Dutch Privacy Awards
The afternoon then ended with the presentation of the Dutch Privacy Awards. These Awards provide a podium for companies and governments that see privacy as an opportunity to distinguish themselves positively and make privacy-friendly business and innovation the norm. The winners of the Dutch Privacy Awards 2019 are... Startpage.com and Privacy Company i.s.m. SURF ! In addition, PublicSpaces received the Encouragement Award.
With Private Search 2.0, Startpage.com offers a place where anyone who experiences profiling and targeting based on online searches as stifling can breathe a little more freely again. Startpage.com's promise is that their users can have Google Search queried without fearing that every search query will be added to a permanent data shadow at Google. Moreover, Startpage.com's search results can be accessed via an anonymising proxy. Startpage.com thus fulfils a need for anyone who wants to search for information without subsequently being confronted with targeted ads about it. Think of those looking for information about help with a financial problem, a relationship problem or a health problem. And of course to those who prefer to shield themselves 'by default' from foreign data traders (Silicon Valley cum suis) in the first place. The new Startpage.com website thus offers people an important, and also very user-friendly, way to browse websites without having to constantly worry about unwanted profiling and future confrontation with their search behaviour.
Winner: Privacy Designer (Privacy Company and SURF)
Privacy Designer is a web app by Privacy Company and SURF for SMEs, associations and NGOs that helps them identify privacy risks. The app is co-funded by the SIDN Fund and can be used free of charge.
The Awards jury was very impressed with this solution. It is convenient to use, innovative, and the social impact is great because we know from research that the target group is often not or moderately aware of the privacy risks they face and how to deal with them properly. Moreover, the fact that all data is stored on one's own device and minimal use of personal data is a plus. In short, this entry has the potential to improve privacy for a large group of people in a very accessible but effective way.
All sorts of things happen on the internet that we don't see or notice (search behaviour-based advertising in particular causes us a lot of irritation). Meanwhile, we are becoming increasingly dependent on navigation, cloud storage of our documents and searching for information. It seems that with this, especially a few dominant commercial companies are getting the better of it.
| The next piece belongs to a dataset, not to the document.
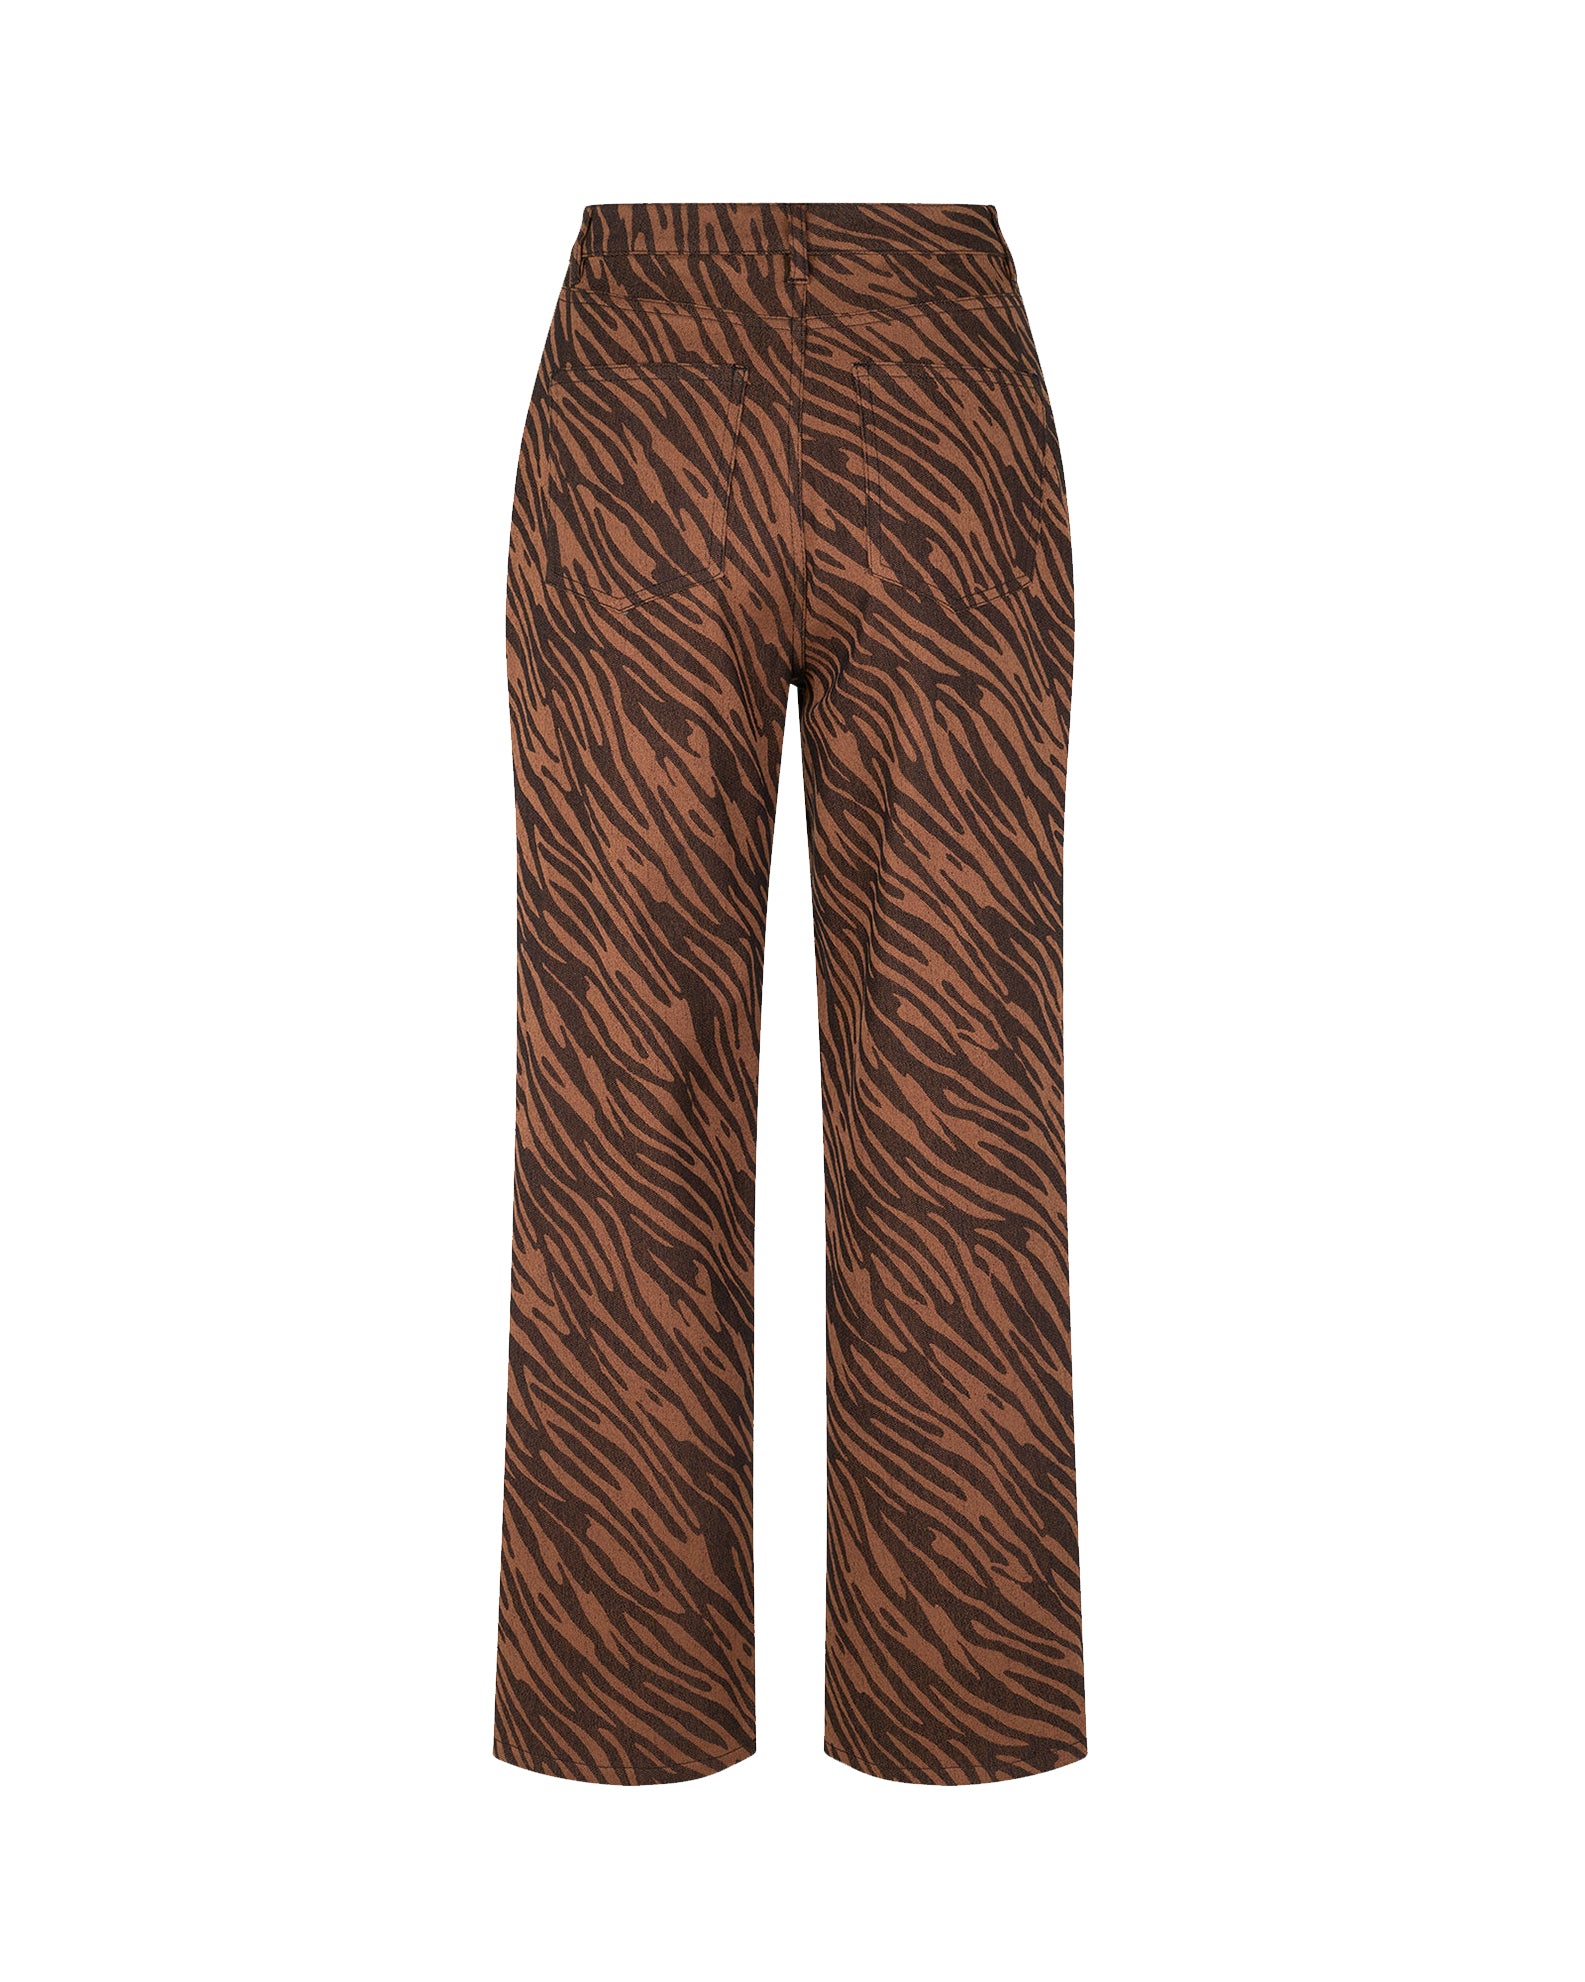 Pantalones Noa 14601 - Tiger

PublicSpaces is a coalition of public broadcasters and cultural institutions that want to turn the internet back into a community of users. They want to work with a number of interested parties to fix the internet by offering a few alternatives in very concrete terms. Especially the inheritance of data across different platforms is a thorn in their side. With open source initiatives, but also the efforts of our previous winner IRMA, they want to contribute to the public value of privacy on the internet. The jury wholeheartedly encourages PublicSpaces' mission!
Click here for the entire jury report (pdf) with participation criteria and explanation of all nominees and winners.
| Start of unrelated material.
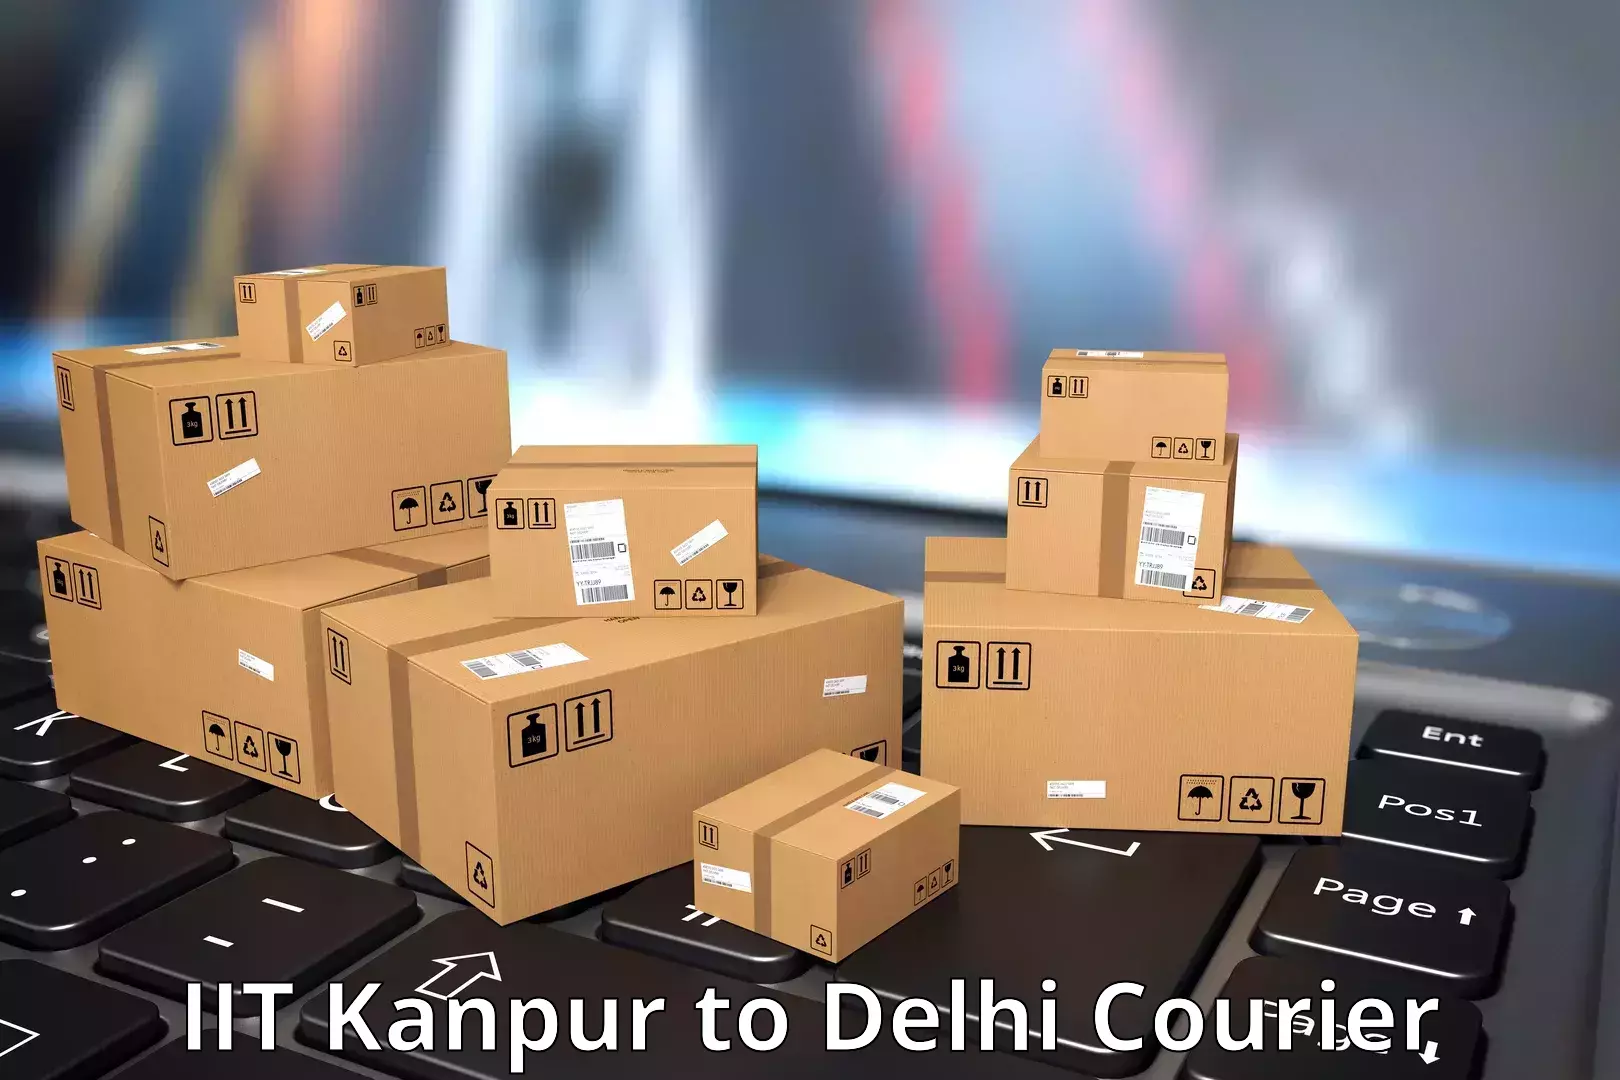 Efficient parcel service IIT Kanpur to Krishna Nagar

The jury of the 2019 Dutch Privacy Awards consisted of independent privacy experts from various sectors:
- Bart van der Sloot, senior researcher, Tilburg University (jury chairman)
- Bas Filippini, founder and chairman Privacy First
- Paul Korremans, data protection & security professional, Comfort Information Architects (also board member Privacy First)
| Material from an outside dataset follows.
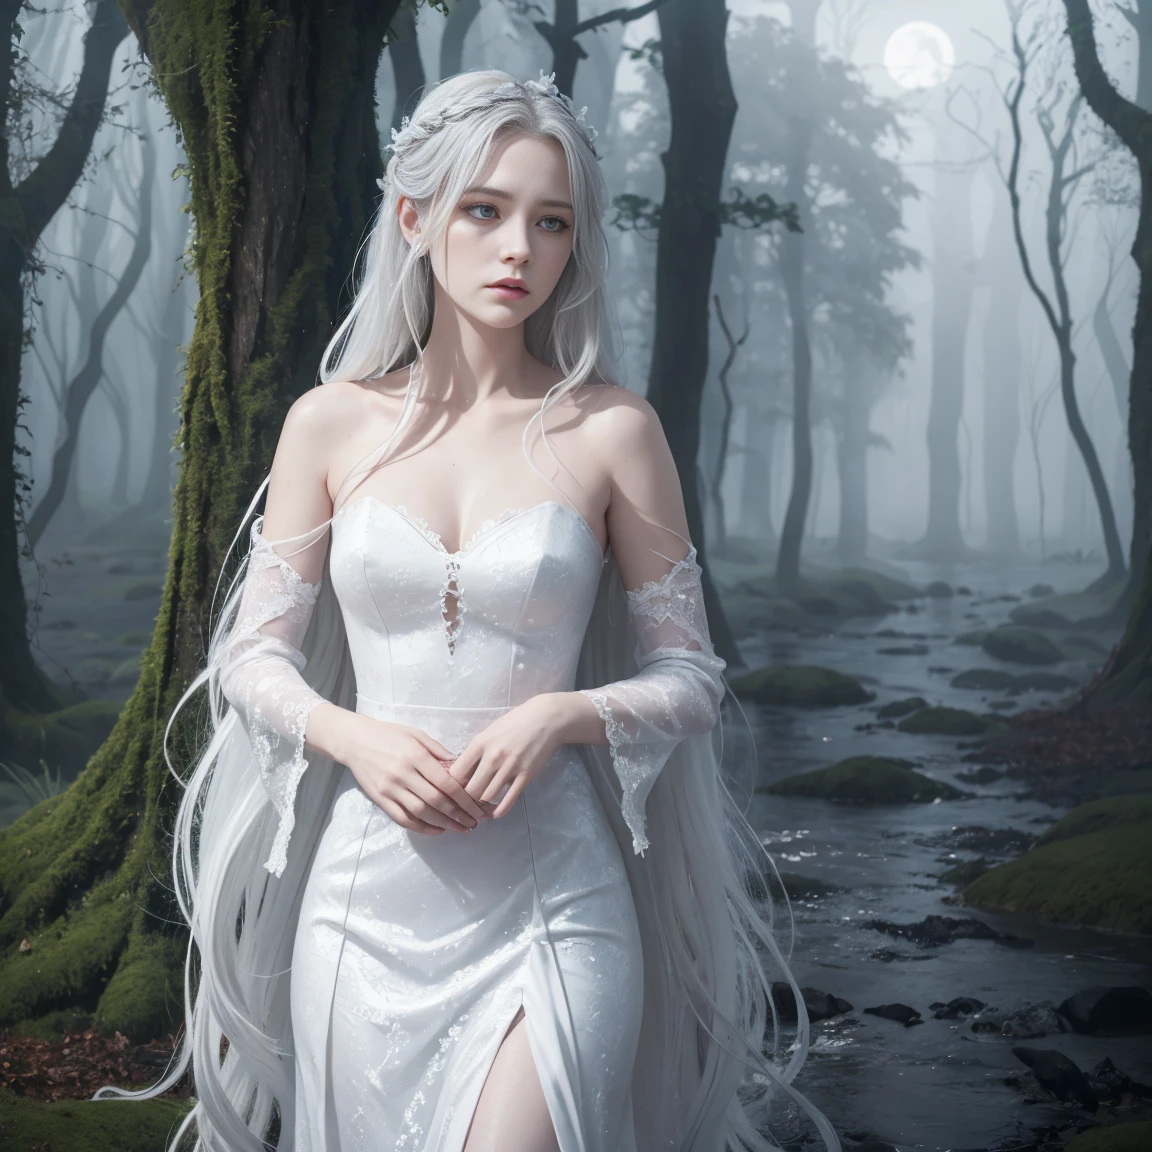 Une représentation d&#39;une Banshee, l&#39;esprit irlandais, avec de longs cheveux argentés et une expression triste. Elle porte une robe blanche fluide et se détache sur un fond brumeux., toile de fond étrange d&#39;une forêt au clair de lune ou d&#39;un ancien château.

- Marie-José Bonthuis, owner IT's Privacy
- Esther Janssen, lawyer Information Law and Fundamental Rights, Brandeis office
- Esther Keymolen, technology philosopher, TILT, Tilburg University
- Matthijs Koot, senior security specialist, Secura BV
- Marc van Lieshout, senior researcher TNO and business director PI.lab
- Wendeline Sjouwerman, privacy specialist local government and healthcare.
After the conference, every attendee was given a copy of Jaap-Henk Hoepman's new Blue Book on privacy by design along. Click here for the digital version.
This edition of the National Privacy Conference & Awards was a great success. This calls for a sequel and plans for 2020 are in the works!